Andrzej Pągowski: skoro było tak dobrze, to dlaczego ją odwołano?
Beata Szydło od czwartku nie jest już premierem Polski. W trakcie kampanii wyborczej w 2015 roku zapewniała, że Prawo i Sprawiedliwość nie popełni już błędów z przeszłości i jeżeli wygrają wybory, to ona będzie premierem do końca kadencji. Jak widać po ponad dwóch latach partia zmieniła zdanie.
Beatę Szydło zastąpił Mateusz Morawiecki. Nowy szef rządu w pierwszych słowach podziękował poprzedniczce i nakreślił kierunek działań. - Program, który do tej pory realizowaliśmy będzie dla mnie drogowskazem - wyjaśnił. Wiadomo też, że Zbigniew Ziobro zostanie w rządzie.
A co z byłą premier?
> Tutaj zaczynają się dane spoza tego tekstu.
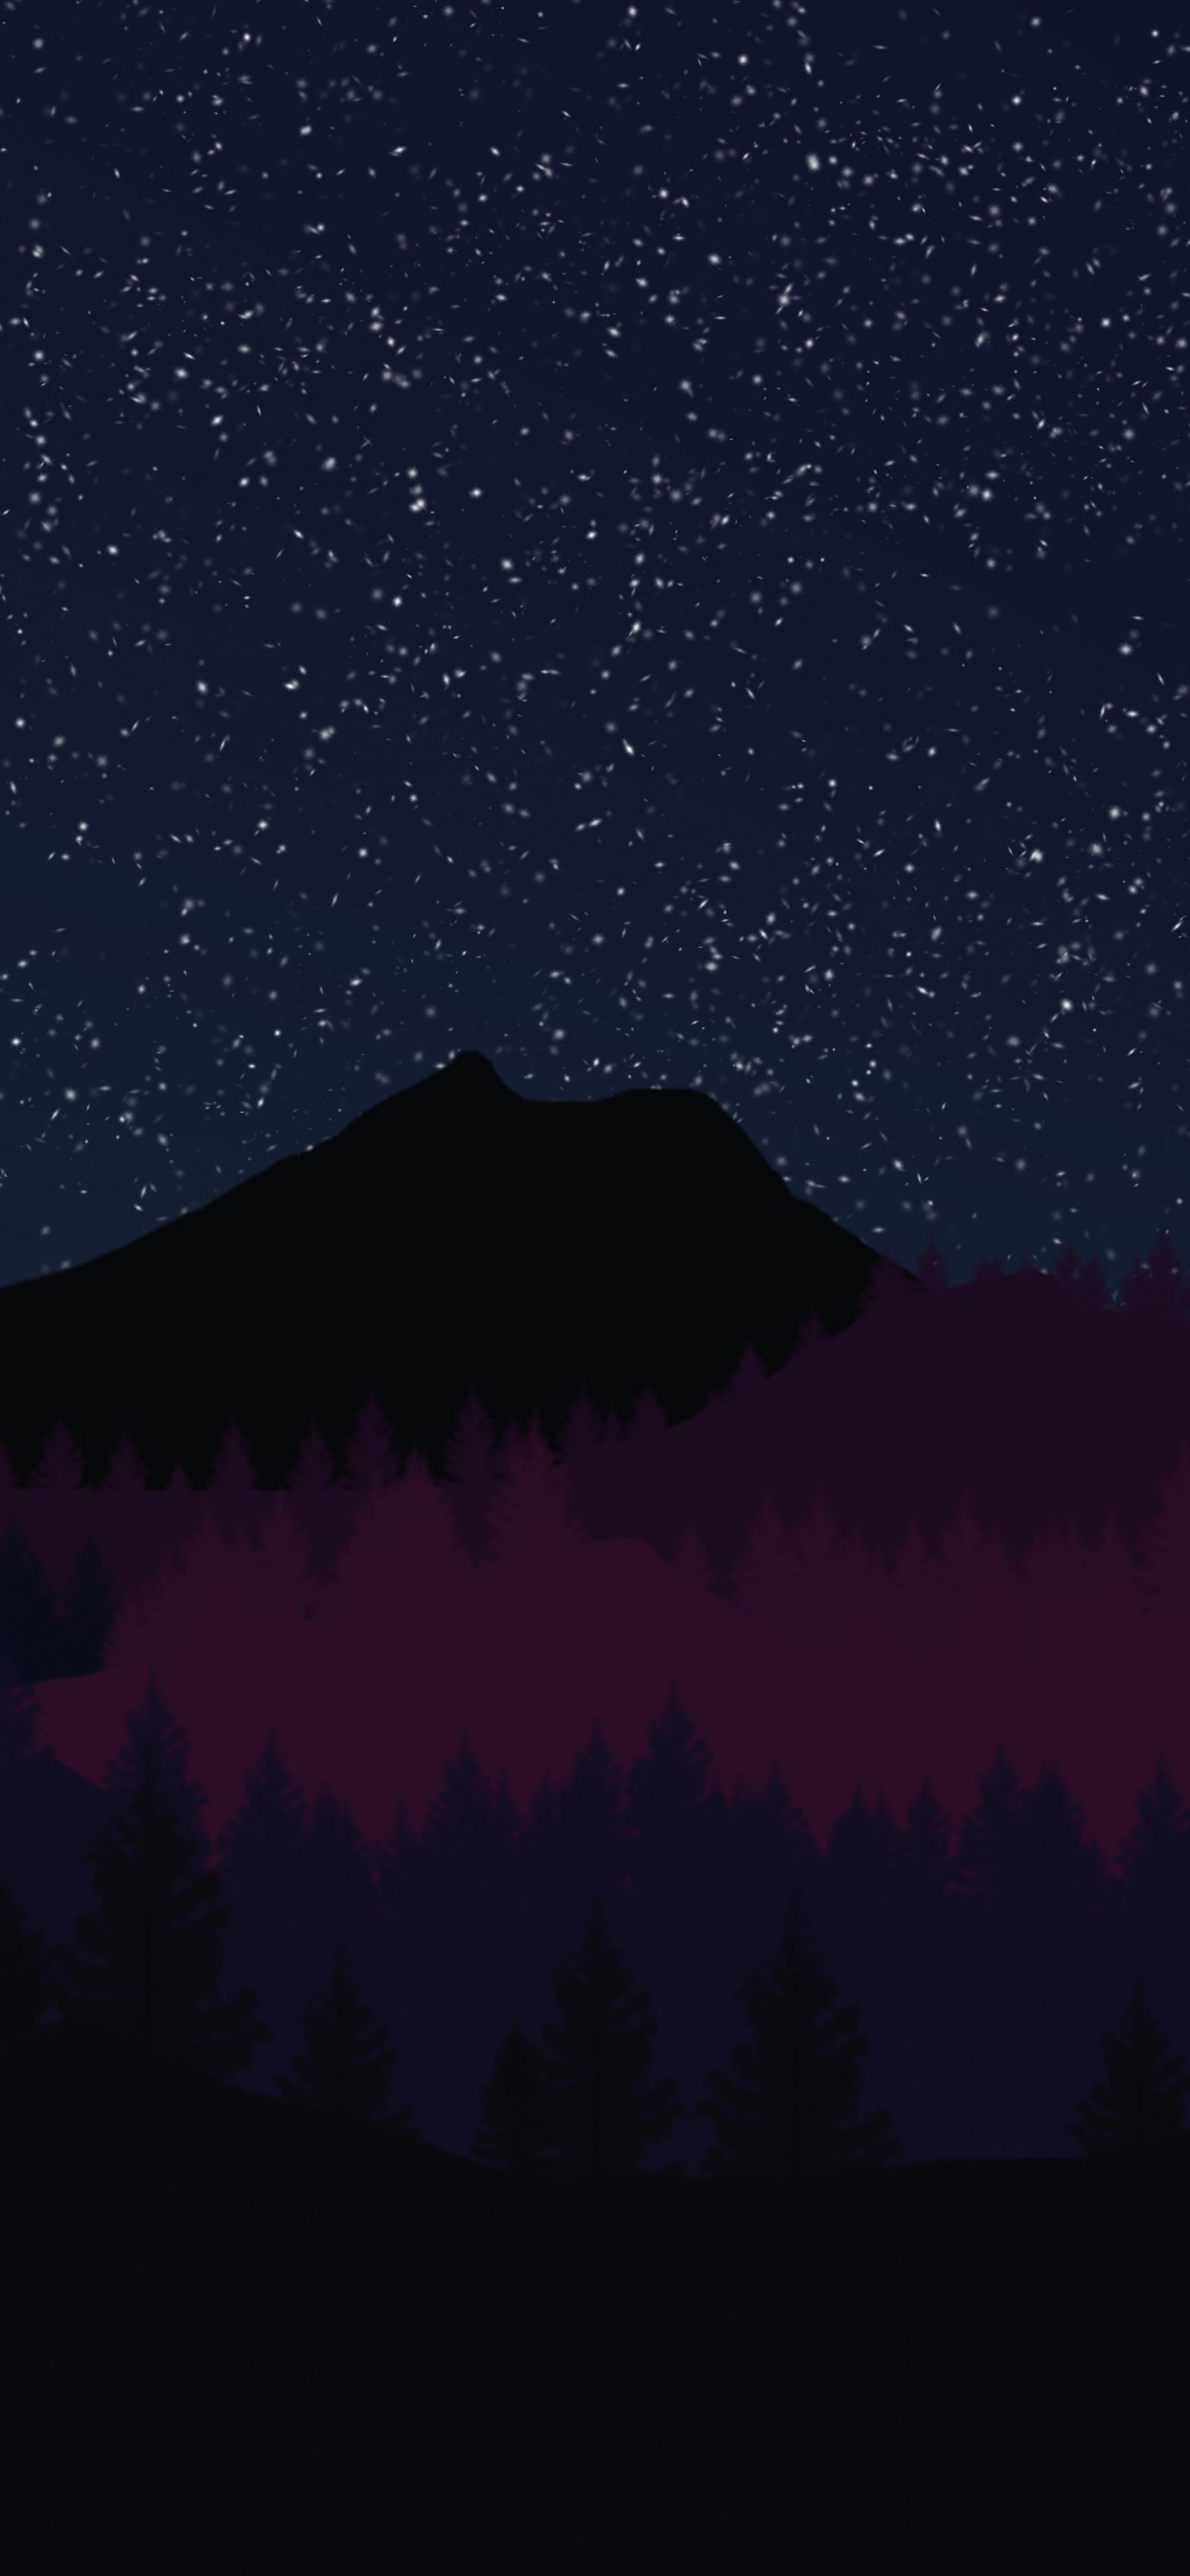 Silhouette of Trees Under Starry Night. Wallpaper in 1242x2688 Resolution
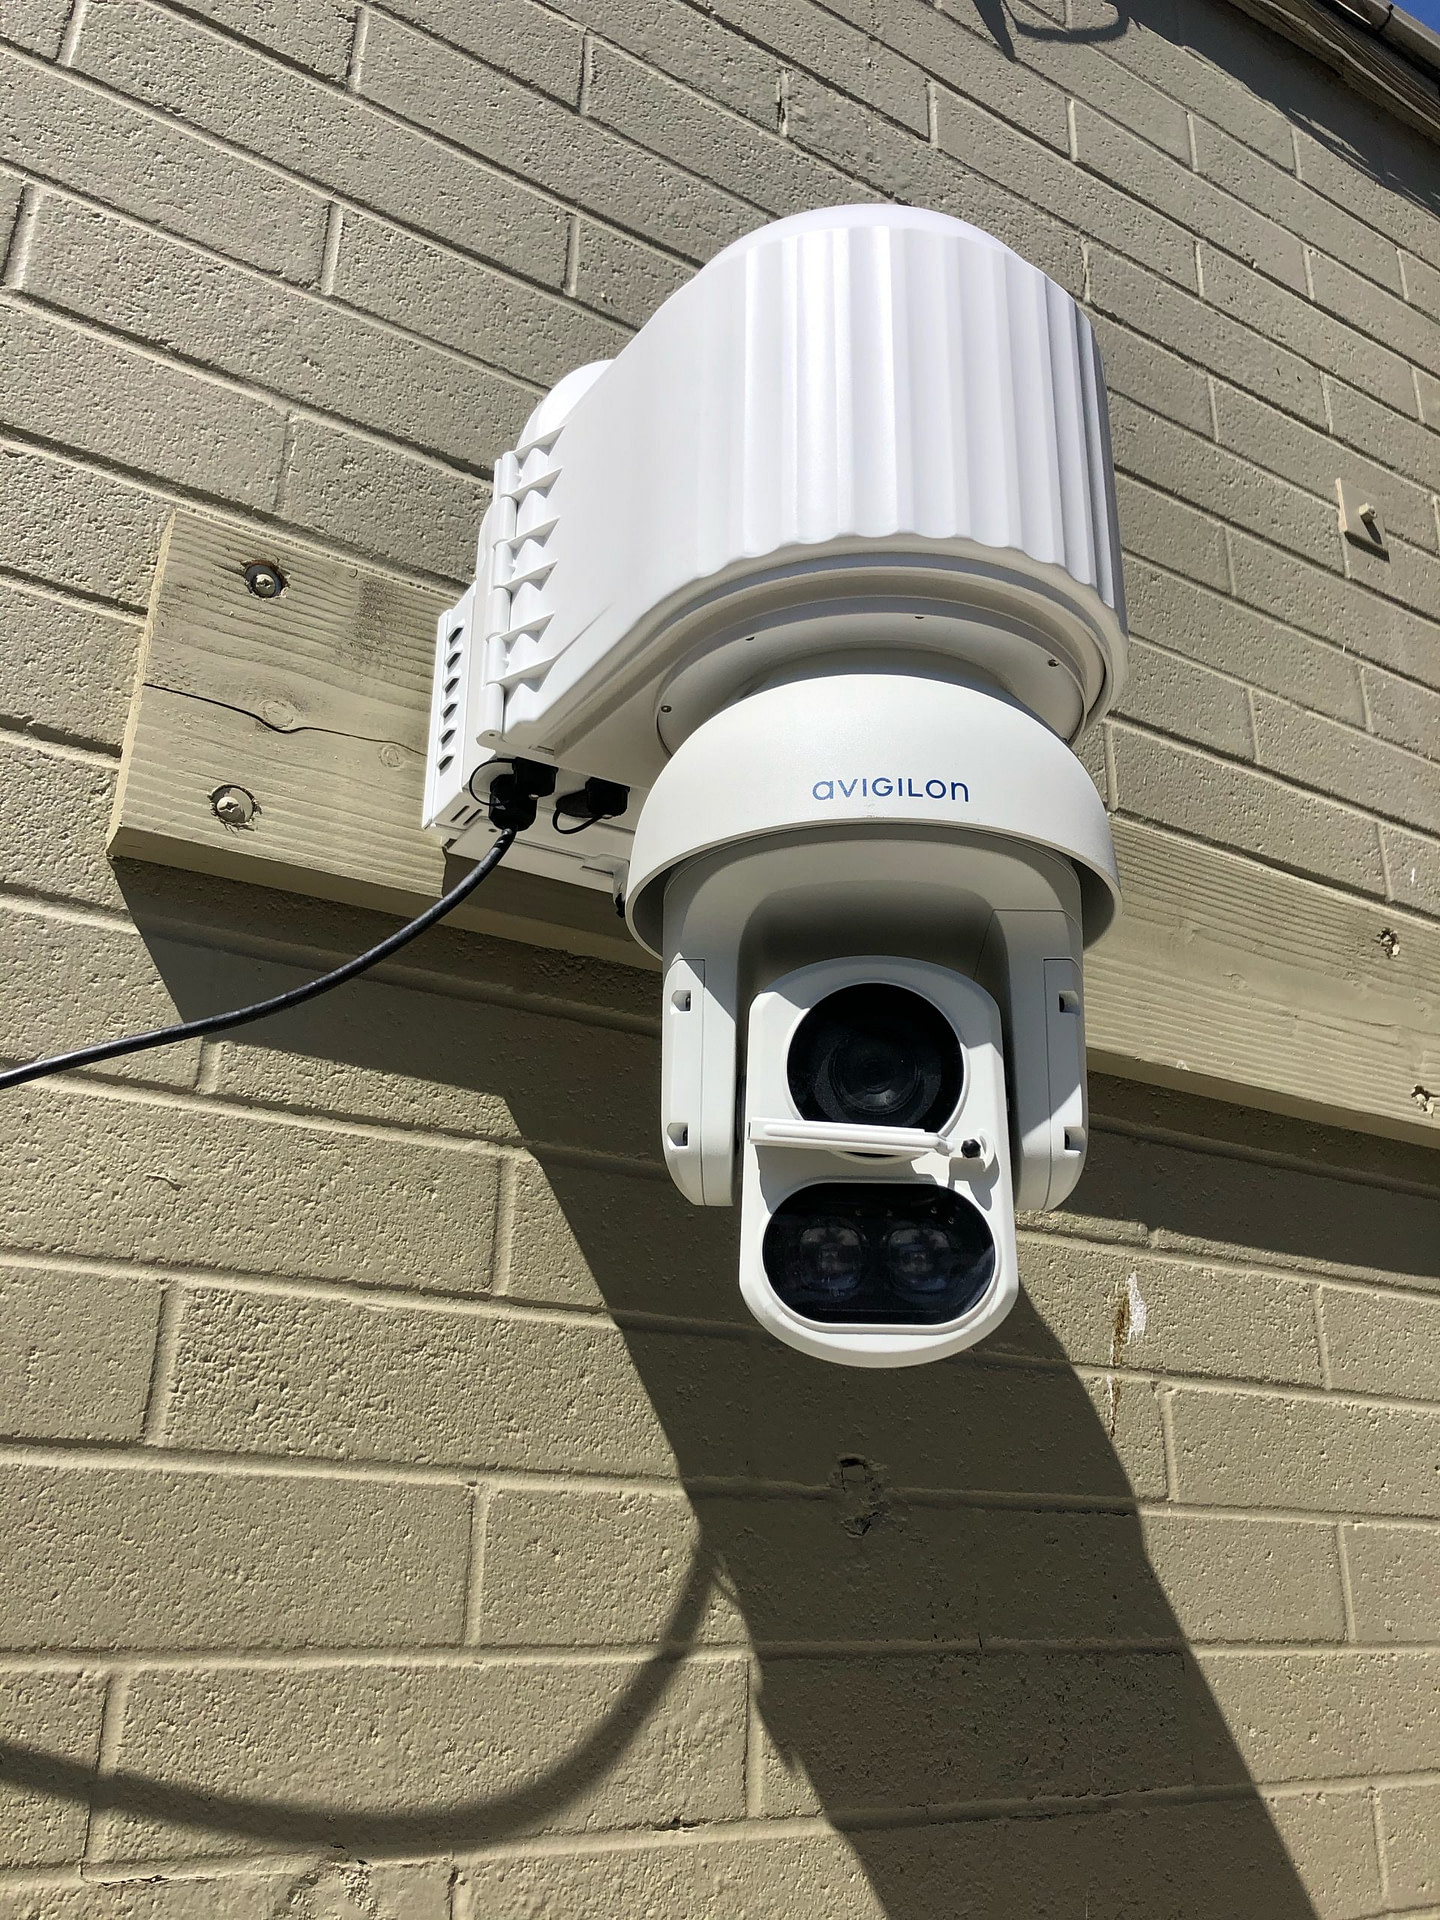 XCold PTZ Camera Enclosure System For Extreme Heat Environments Integrated With An Avigilon PTZ Camera With IR And Wiper Blade

Komitet Polityczny PiS podjął decyzję o tym, żeby Beata Szydło pełniła eksponowane miejsce w rządzie. Jak nieoficjalnie dowiedział się portal 300Polityka, PiS ma już dla niej funkcję - ma zostać wicepremierem do spraw społecznych, a reszta zmian w rządzie zostanie przeprowadzona w styczniu przyszłego roku.
Nowy premier to jednak może być szok dla elektoratu PiS, bo w ostatnich latach nie było w Polsce bogatszego premiera. Morawiecki jest bogatszy od Szydło o ponad 7 razy, od Donalda Tuska 10 razy. Ewę Kopacz odsadził o 15 długości. Od Jarosława Kaczyńskiego z czasów premierostwa jest bogatszy o ponad 7 mln zł.
Jak na tym tle wypadnie prestiżowe stanowisko pani premier? Zobaczymy. Na pewno nie będzie ono wygodne, bo jest to kuriozalna i niezręczna sytuacja dla byłego szefa, który teraz podlega swojemu byłemu pracownikowi. - Za co wy mnie chcecie odwołać? - pytała Beata Szydło opozycję w Sejmie. Teraz to pytanie przeszło na jej macierzystą partię. Bo skoro było tak dobrze, to dlaczego ją odwołano?